This article has been archived and is no longer maintained by ForgeRock.
You can bypass the Authorization Consent page for (trusted) application-to-application or service-to-service interaction.
As of OpenAM 13.5, you can make the Authorization Consent page optional by enabling both of these options:
- OAuth2 Provider - Allow Clients to Skip Consent option.
- OAuth 2.0 Client (Agent) - Implied consent option.
See Administration Guide › Allowing Clients To Skip Consent for further information.
In OpenAM 13, you can choose to save user consent, so that the Authorization Consent page is only presented once.
You can save user consent by setting the Saved Consent Attribute Name parameter with the name of the profile attribute you want OpenAM to use for saving authorization consent decisions. This should be a multi-valued attribute on the resource owner profile.
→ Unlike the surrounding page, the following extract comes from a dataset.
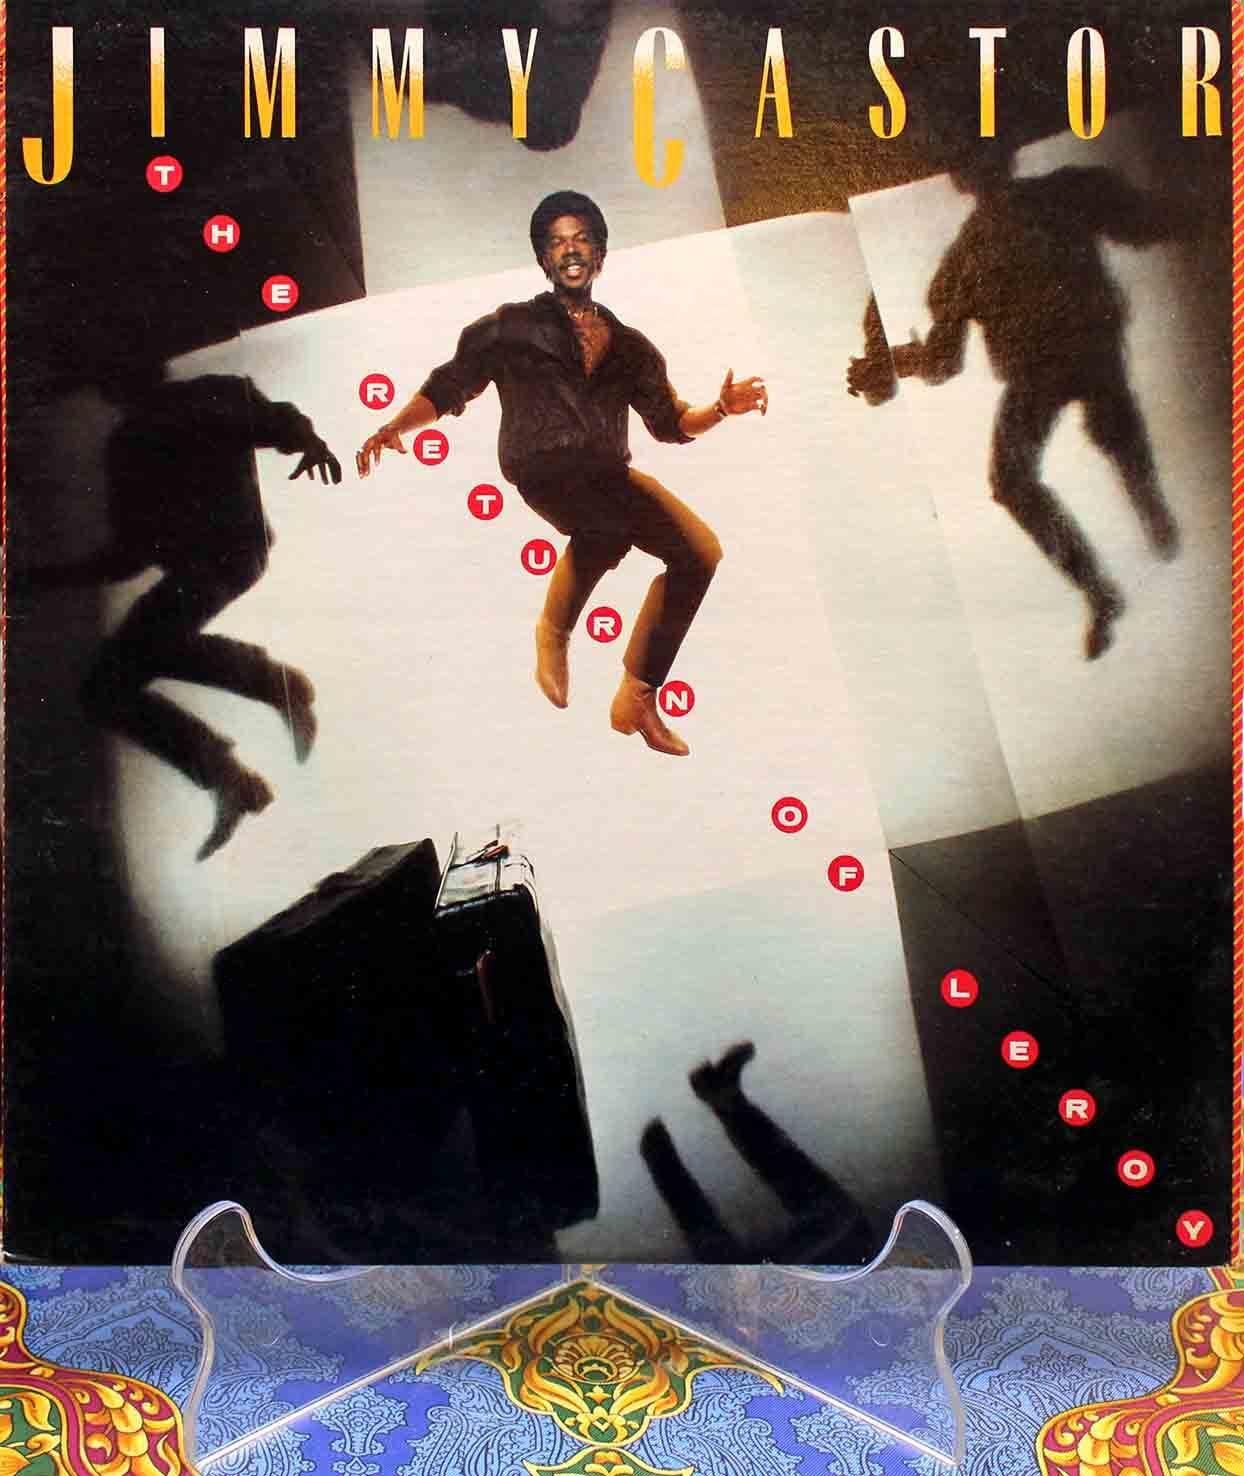 Jimmy Castor – The Return Of Leroy 01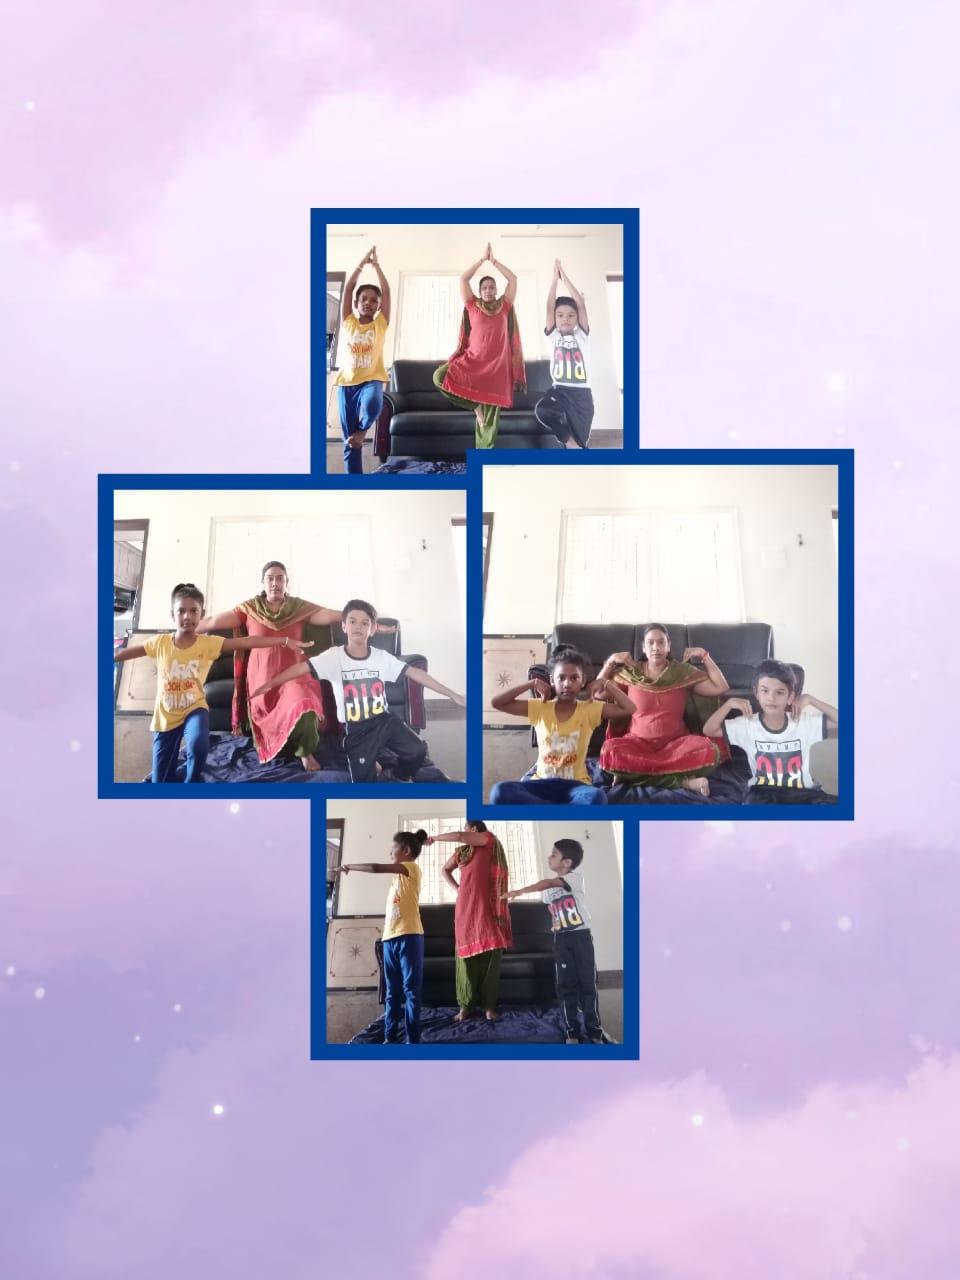 Fitness Freak Class – I

See: Administration Guide › Configuring the OAuth 2.0 Authorization Service for detailed instructions.
The salient points are:
- Add a multi-valued string syntax profile attribute to your identity repository. OpenAM stores resource owners' consent to authorize client access in this profile attribute. On subsequent requests from the same client for the same scopes, the resource owner no longer sees the authorization page.
- You are not likely to find a standard profile attribute for this. For evaluation purposes only, you might try an unused existing profile attribute, such as description.
- When moving to production, you should use a dedicated, multi-valued, string syntax profile attribute that is obviously not used for other purposes. For example, you might call the attribute oAuth2SavedConsent.
- Adding a profile attribute involves updating the identity repository to support use of the attribute, updating the AMUser Service for the attribute, and optionally allowing users to edit the attribute. The process is described in Developer's Guide › Customizing Profile Attributes which demonstrates adding a custom attribute when using OpenDJ directory services to store user profiles.